機能性表示食品って、いったい何?

2015年11月04日

機能性表示食品

 食品に含まれる成分や栄養素には、健康維持や病気の予防など、さまざまな機能を持つものがあります。これまでは、その機能を表示することができる食品は、「特定保健用食品(トクホ)」と「栄養機能食品」に限られていました。そこで、消費者が正しい情報を得る機会と、機能が表示された食品の選択肢を増やすためにできたのが、平成27年4月に始まった「機能性表示食品」の制度です。

機能性を持つ商品がより選びやすく

 

 機能性表示食品とは、事業者の責任において科学的根拠に基づいた機能を表示した食品で、生鮮食品を含むすべての食品が対象になっています。

 事業者が販売前に、機能性や安全性を示す科学的根拠となる情報を消費者庁に届け出れば、国の審査を受けることなく、パッケージに健康効果を表示することができます。届け出の内容は消費者庁のウェブサイトに常時公開されており、誰でも詳細を確認できるようになっています。

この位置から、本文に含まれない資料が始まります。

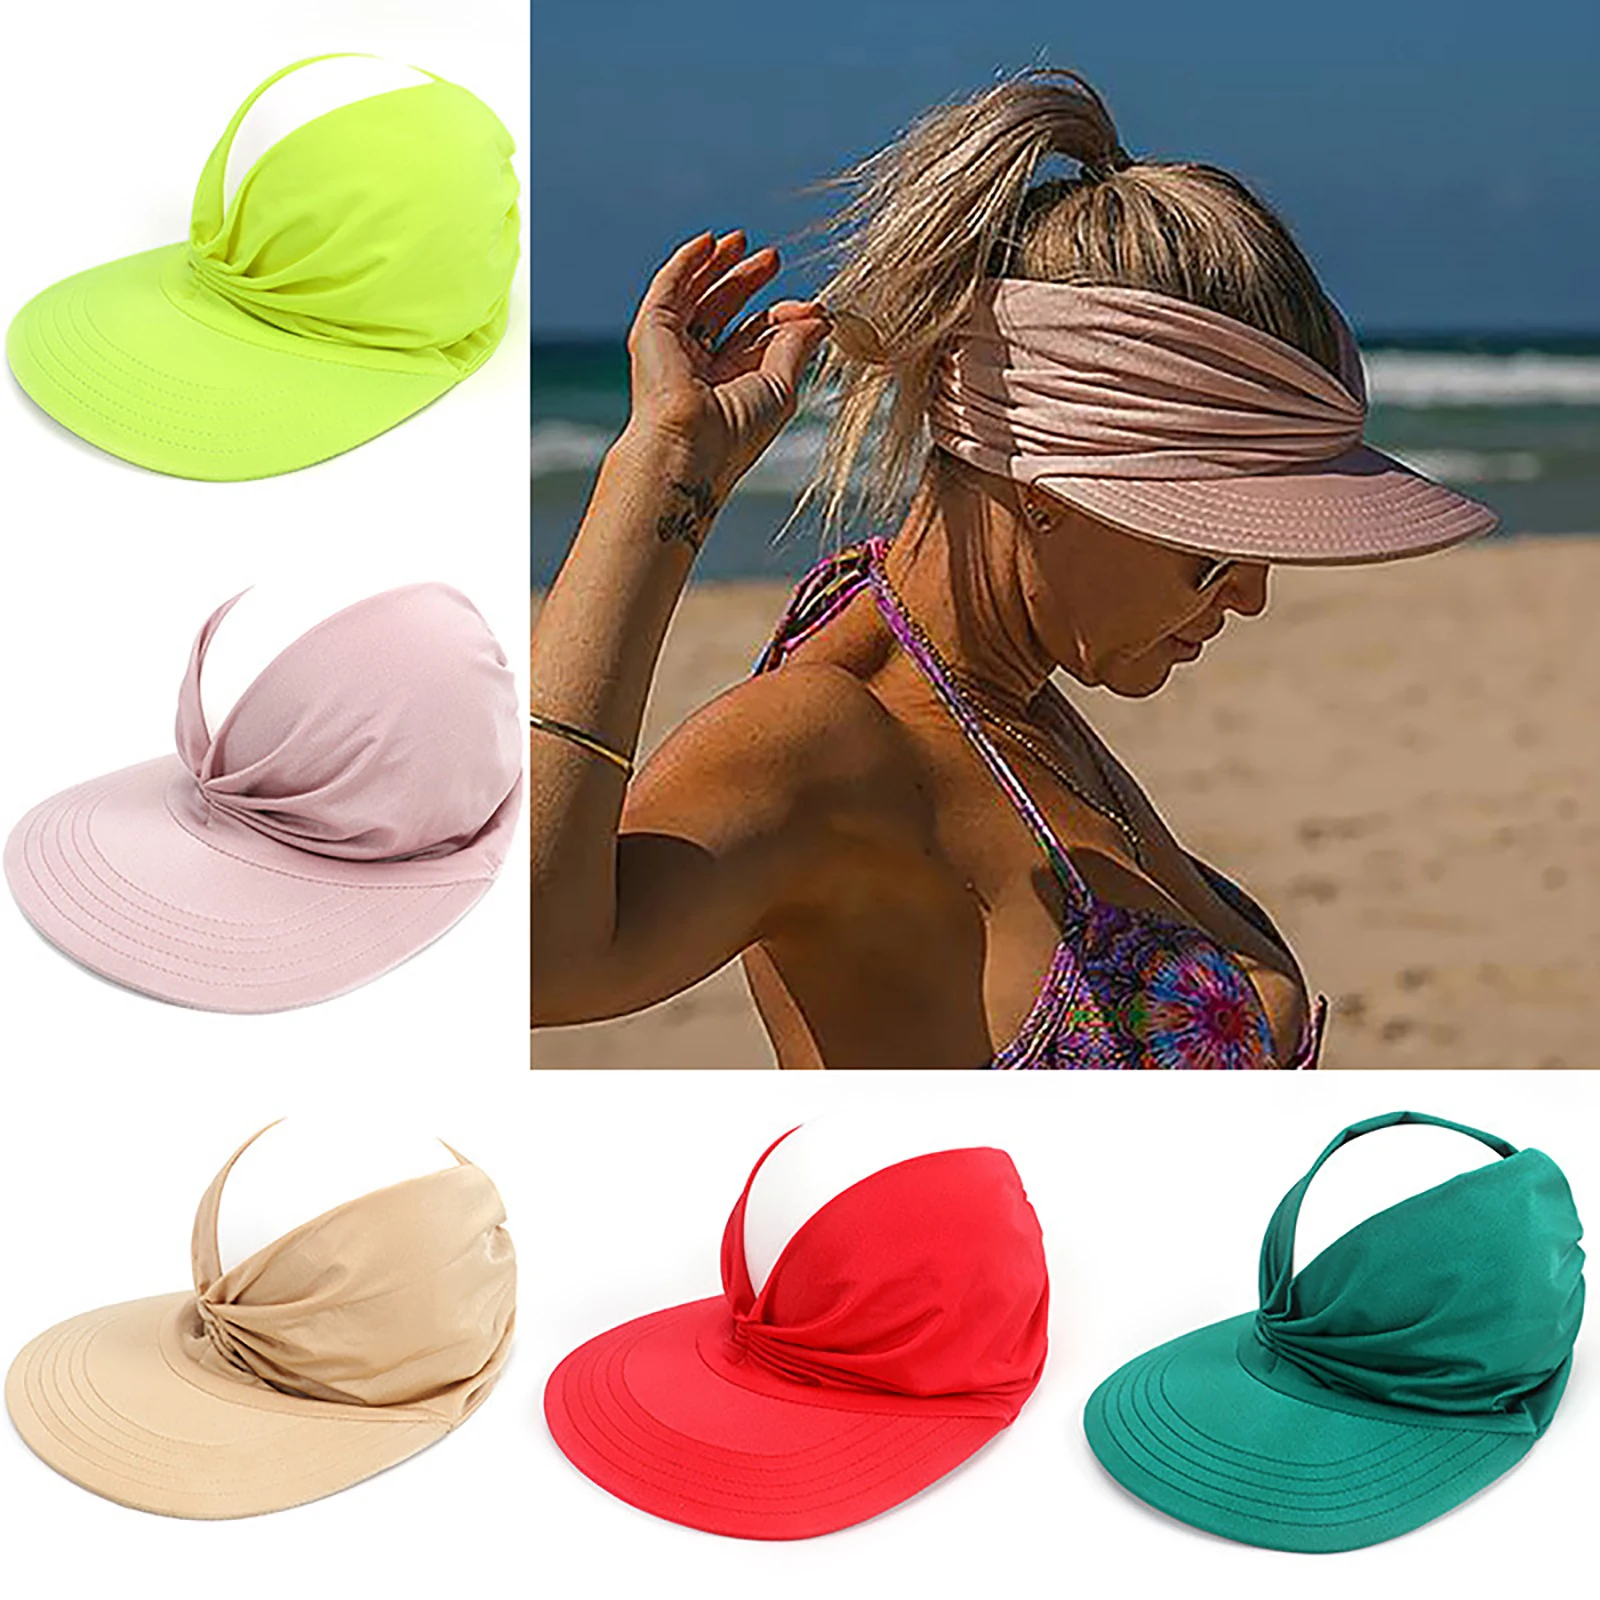 

New Arrival Summer Hat Women's Sun Visor Sun Hat Anti-ultraviolet Elastic Hollow Top Hat New Casual Caps Gorras wide-brimmed

 健康の維持や増進につながる機能について、「おなかの調子を整える」「脂肪を消費しやすくする」「膝関節の曲げ伸ばしを助ける」など、体のどこに効くのか、何にいいのかが具体的に表示されるので、消費者は目的に合った商品を選びやすくなります。あくまでも食品なので、病気の治療や予防をうたうことは禁止されています。

 

サプリメントから野菜まで続々販売が開始

 

 機能性表示食品の第一号として、平成27年6月12日にキユーピー株式会社からサプリメント「ヒアロモイスチャー240」が発売されました。また、“人類よ、脂肪と糖に立ち向かえ”のキャッチコピーで知られるキリンのノンアルコール飲料「パーフェクトフリー」や、糖質の体内での吸収を抑える大塚製薬の「大麦生活 大麦ごはん」など、機能性表示食品であることを大きくアピールする商品も増えています。サプリメントや飲料の他、ヨーグルト、食用油、野菜など、その種類はさまざま。制度開始からすでに100を超える商品が申請されており(平成27年10月現在)、今後店頭で目にすることが増えそうです。

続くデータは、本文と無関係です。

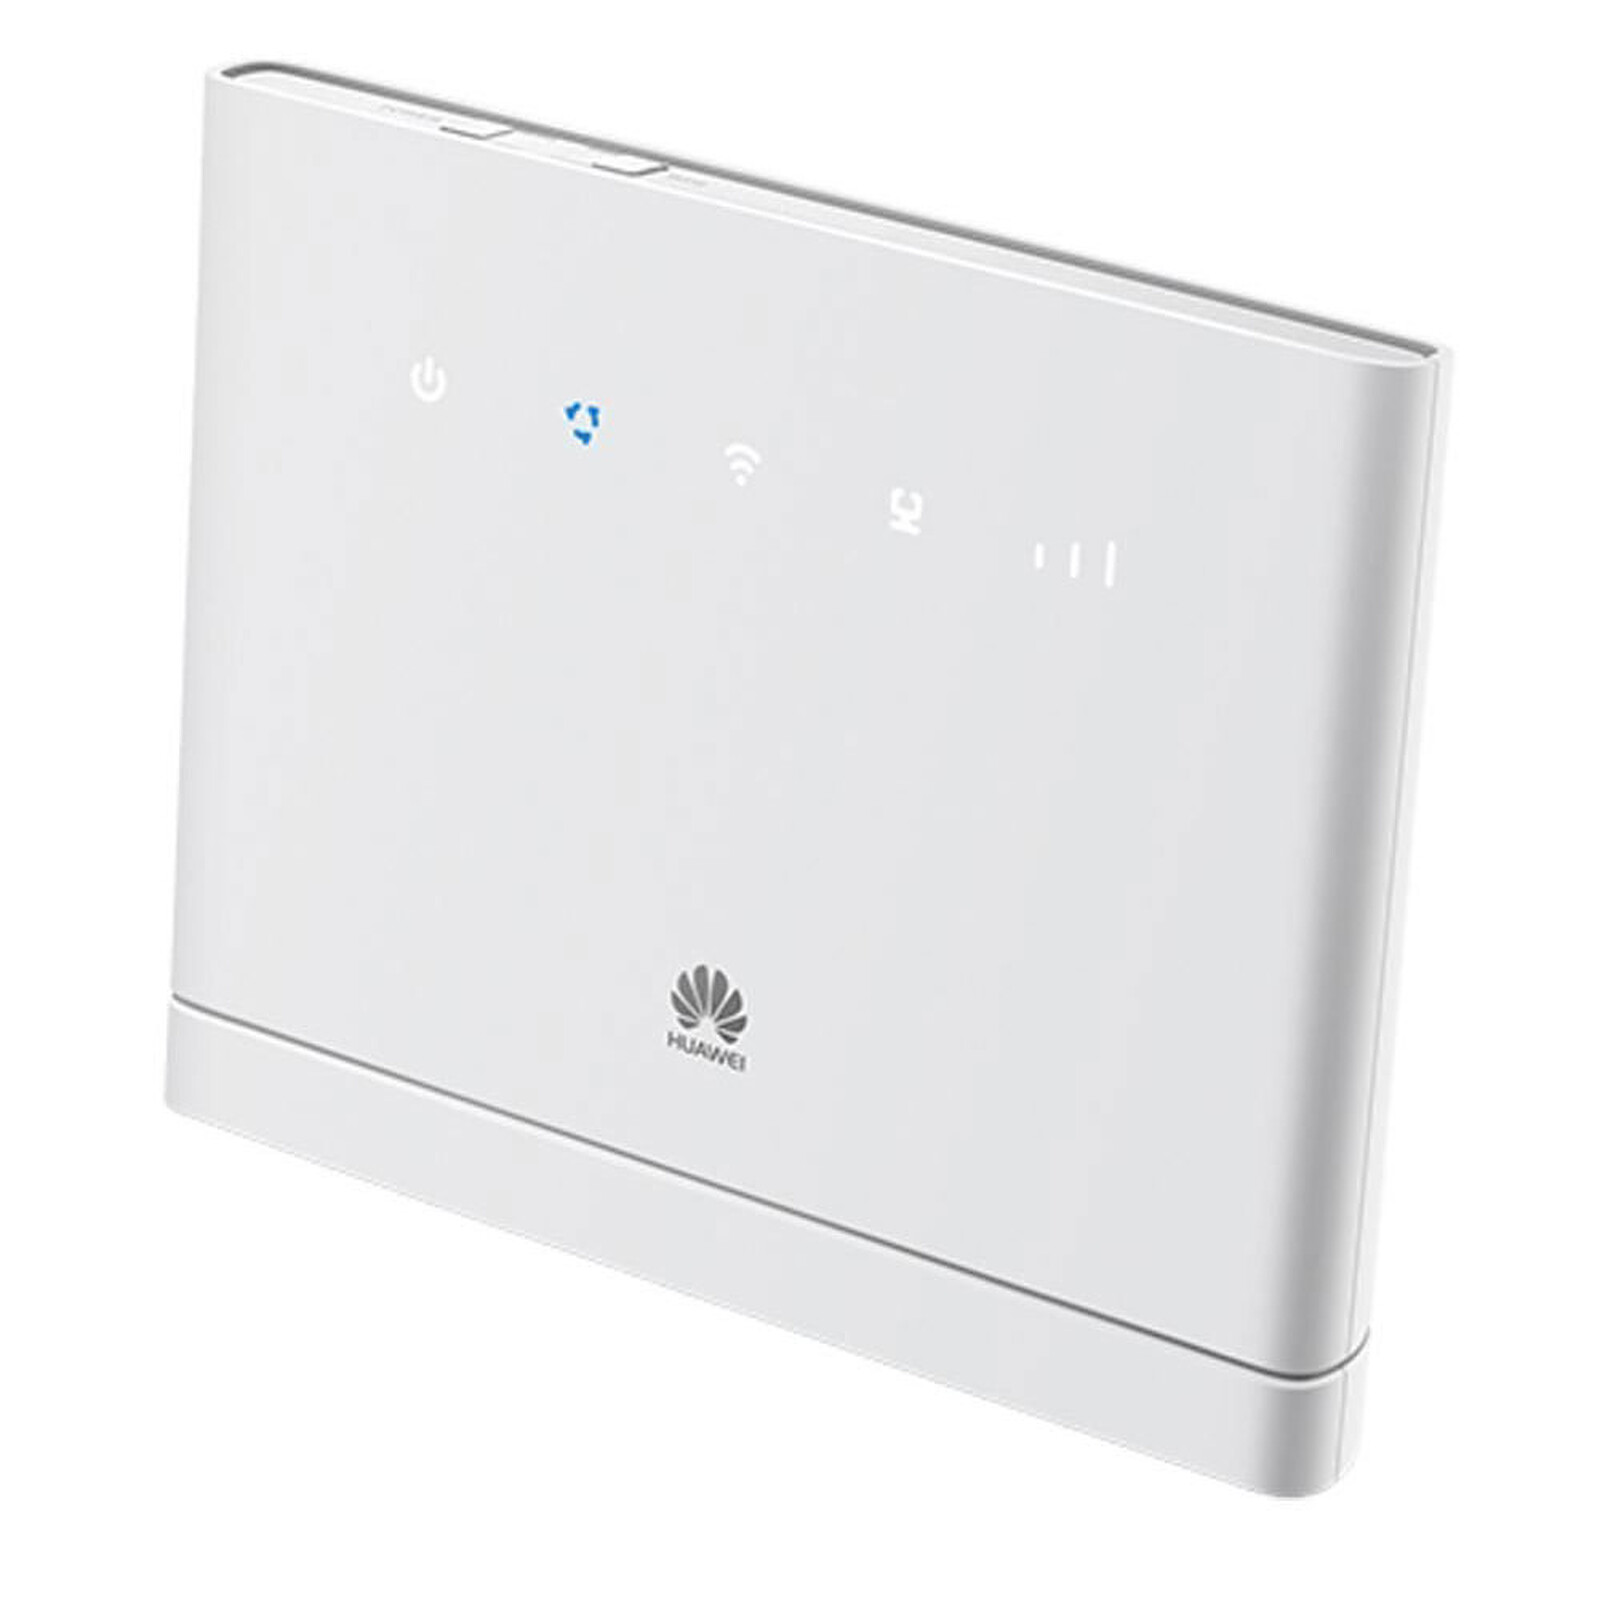 Huawei B315S-22 Blanc - Modem & routeur - Garantie 3 ans LDLC

 いわゆる健康食品だけでなく、健康効果が期待できる成分を含んだ生鮮食品などが機能性表示食品として店頭に並ぶことは、今までにない差別化となり、選択肢が増えることにつながります。また、「成分名だけでは何にいいのかわからない」「自分に合うものを知りたい」といった消費者の声に応える役割も期待されています。

特定保健用食品(トクホ)との違い

 

 この制度により、機能表示が認められる食品は、特定保健用食品(以下、トクホ)、栄養機能食品、機能性表示食品の3種類になりました。それぞれの違いを知っておくことが、商品を選ぶ上で大切になってきます。

 トクホは、安全性、機能性について国の審査を受け、消費者庁長官の許可を得た上で、機能表示が認められた商品です。

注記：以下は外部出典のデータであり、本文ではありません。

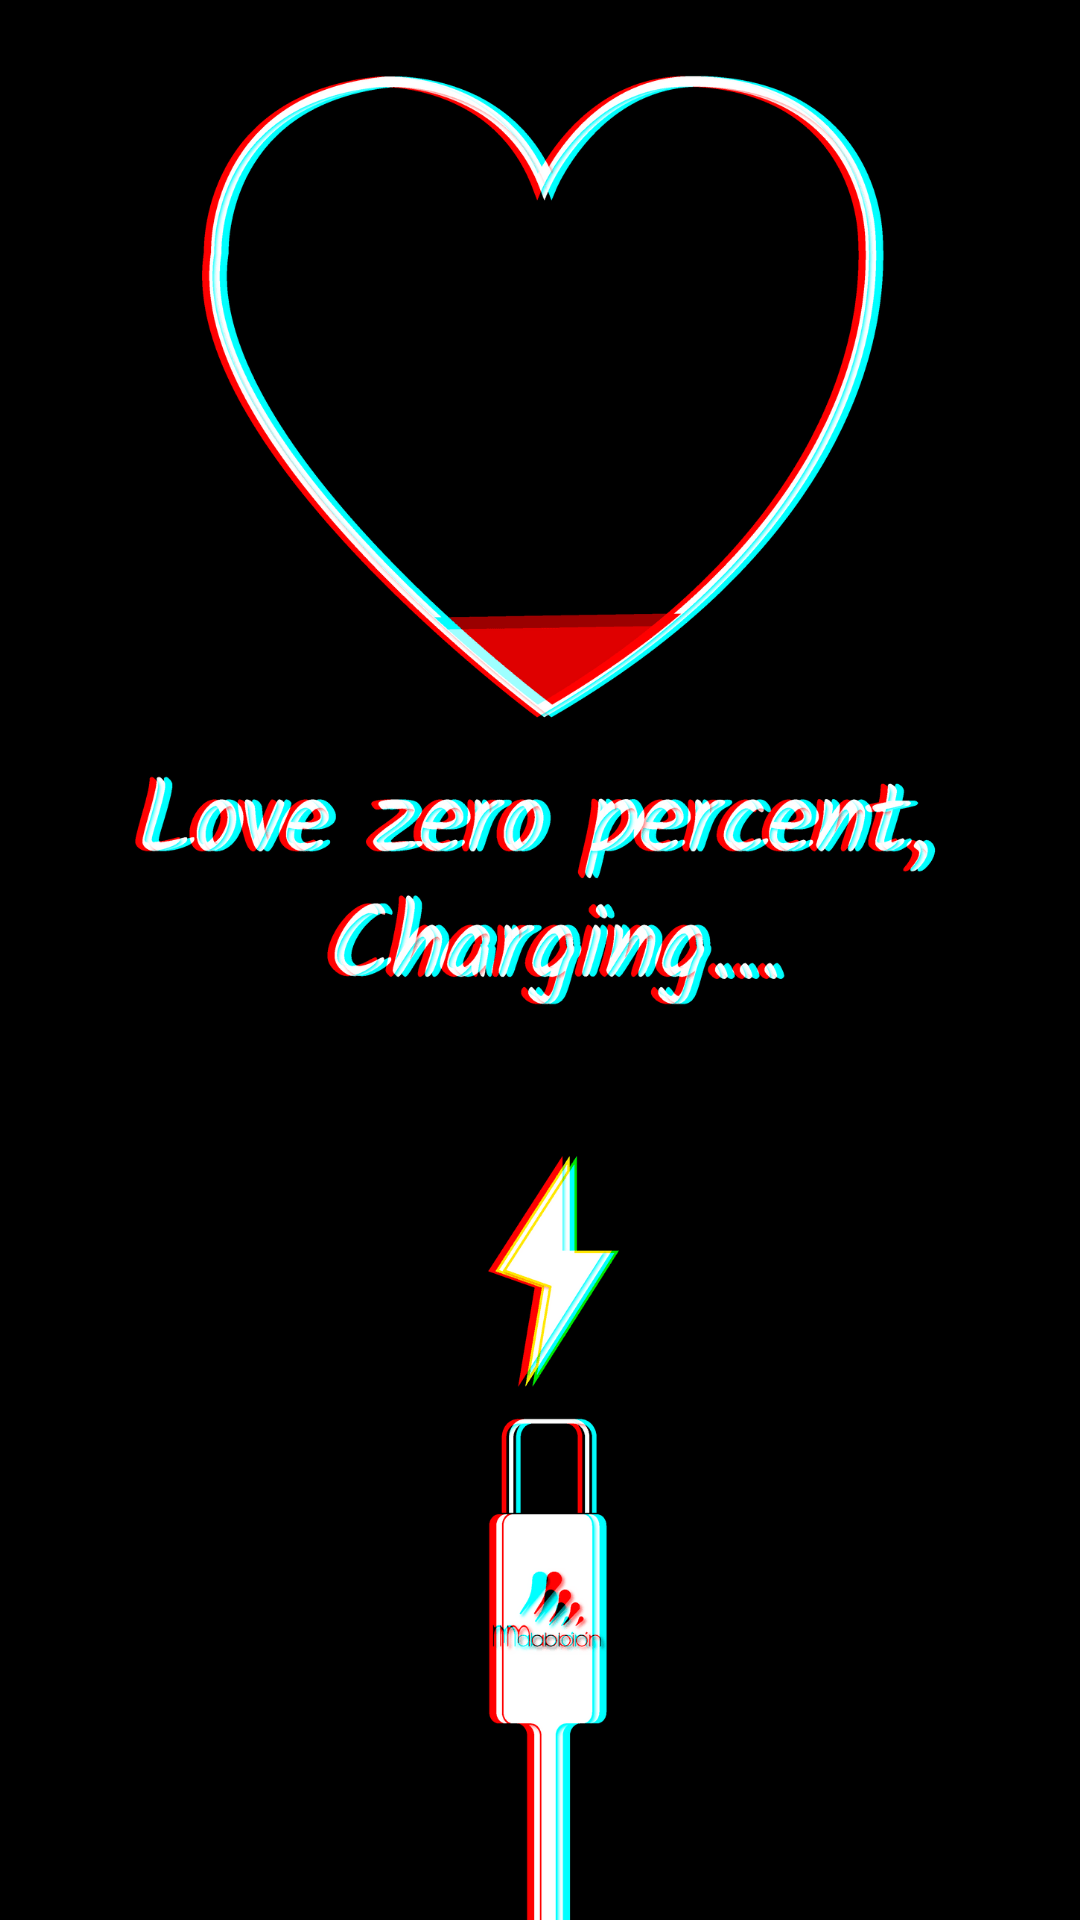 Heart symbol charging

 栄養機能食品は、ビタミン、ミネラルなどの栄養成分の補給を目的としており、成分の機能を表示します。国の規格基準を満たしていれば届け出の必要はなく、表示は「カルシウムは、骨や歯の形成に必要な栄養素です」というように、成分ごとに決められた内容に限られています。

 トクホは、国からの許可を得て販売できるまでに2年前後かかることや、機能性や安全性を示すための臨床試験などに多額の費用がかかることから、中小企業などは参入が難しく、発売できる商品が限られてしまうという問題がありました。これに対して、機能性表示食品は60日前までに届ければ、審査なしで販売できます。トクホと比べると機能性を表示するハードルが下がり、消費者に情報が伝わる機会が増えることはメリットといえます。その反面、機能や安全性の根拠についての責任が、事業者に委ねられていることを問題視する声も挙がっています。

 健康的な食生活のために、こうした表示を参考に商品を選べることは便利ですが、過剰な効果を期待するものではありません。表示や広告に惑わされず、これまで以上に消費者が正しい目で選択することが重要です。